Latvian state TV ran a simple test: the same 10 ha parcel in Vidzeme drew offers from €30,000 to €80,000. The 2.7× gap is the price an owner pays for entering negotiations without numbers.
The experiment
Latvian state television (LTV) ran a simple test in 2025: the same 10 ha private forest parcel in Vidzeme was shown to three different buyers at the same time. The three responses came back at €30,000, €50,000 and €80,000. The highest bid was 2.7 times the lowest — for a property where not a single square metre or cubic metre of timber had changed.
Latio and Tribus transaction data put roughly 50% of Latvian forest sales below the market median, with sellers receiving on average about 64% of the value a fully competitive process could produce. The LTV experiment makes that statistic concrete on a single deal.
Why three prices for one forest
The spread is not random. Three buyers looked at the same property with three different layers of information in hand.
The first relied on a visual walk-through and ignored the VMD inventory data. The second applied a regional average without adjusting for the specific stand. The third had already worked through a full timber stock analysis — basal area 26 m²/ha, dominant height 24 m, pine with 70% merchantable assortment and an existing extraction road — totalling roughly 1,800–2,000 m³ of standing timber. Only the third bid reflects what the forest is actually worth on the stump.
The mechanics are the same as in any market where one side knows more than the other: a buyer who models the deal before the meeting can price the gap between the seller's knowledge and his own directly into the offer.
What the buyer knows before the meeting
A commercial buyer typically arrives at the conversation after most of the analysis is already done. The specific VMD field data (G, H, d10, s10) has been pulled from public sources. Harvest windows by rotation age have been worked out in his own spreadsheet. The assortment mix — sawlog, pallet timber, chips — has been derived from stand parameters and regional demand. Haulage distance and logistics costs are estimated in kilometres, not in "about right".
None of this is privileged information. VMD inventory data is public; interpreting it is a matter of time and method. But an owner who walks into negotiations without that calculation is selling the buyer's information, not the value of the forest.
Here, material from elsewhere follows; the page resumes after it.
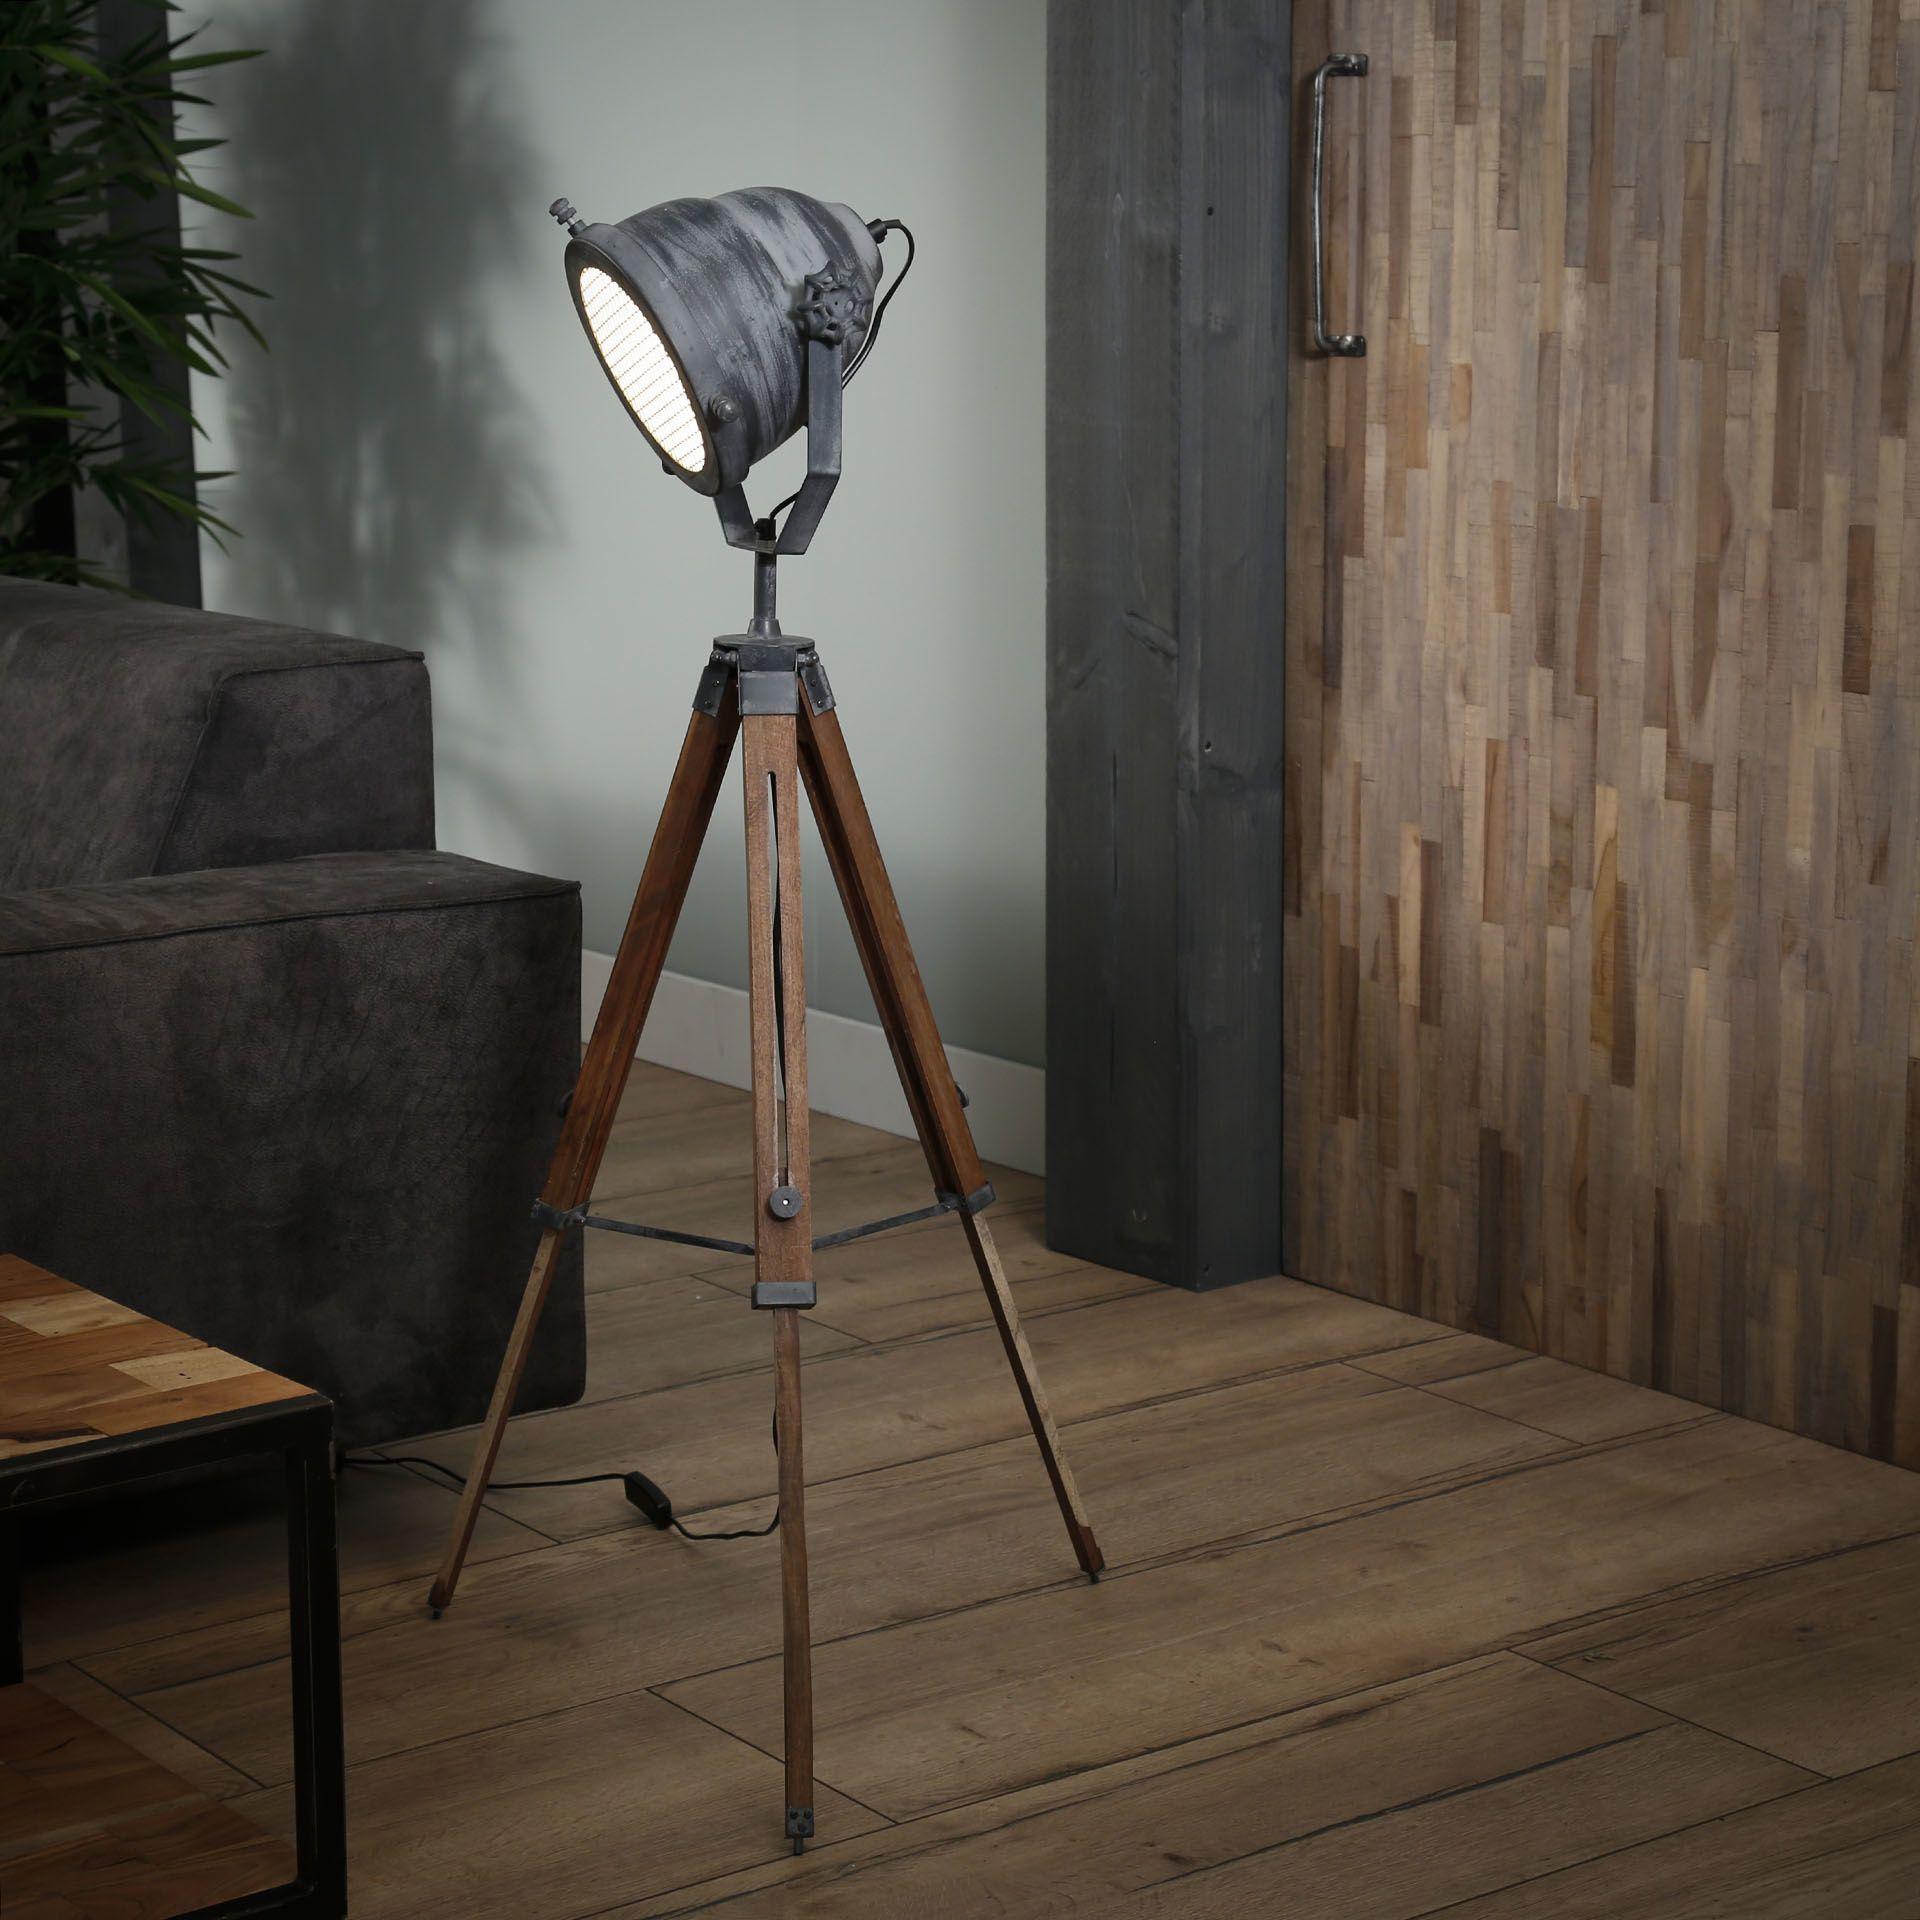 Stehlampe Laura Dreibein Betonlook in 2020 | Stehlampe

What to prepare before the first offer
To keep the spread from working against the seller, four pieces of information about the property should be on the table before the first conversation with a buyer.
- Dominant species and age — read directly from the s10 and a10 fields in the VMD inventory.
- An approximate standing volume in m³, calculated from the G×H×f approach (covered in detail in a separate article).
- How many compartments have already reached the regulatory rotation age — the MezaData calculator flags this automatically.
- Access to the property — an existing forest road raises transaction prices by 10–20%, and that detail belongs in the conversation from the start.
With those four numbers on the table, the first bid is no longer a probe. It becomes a question the seller can answer in his own figures.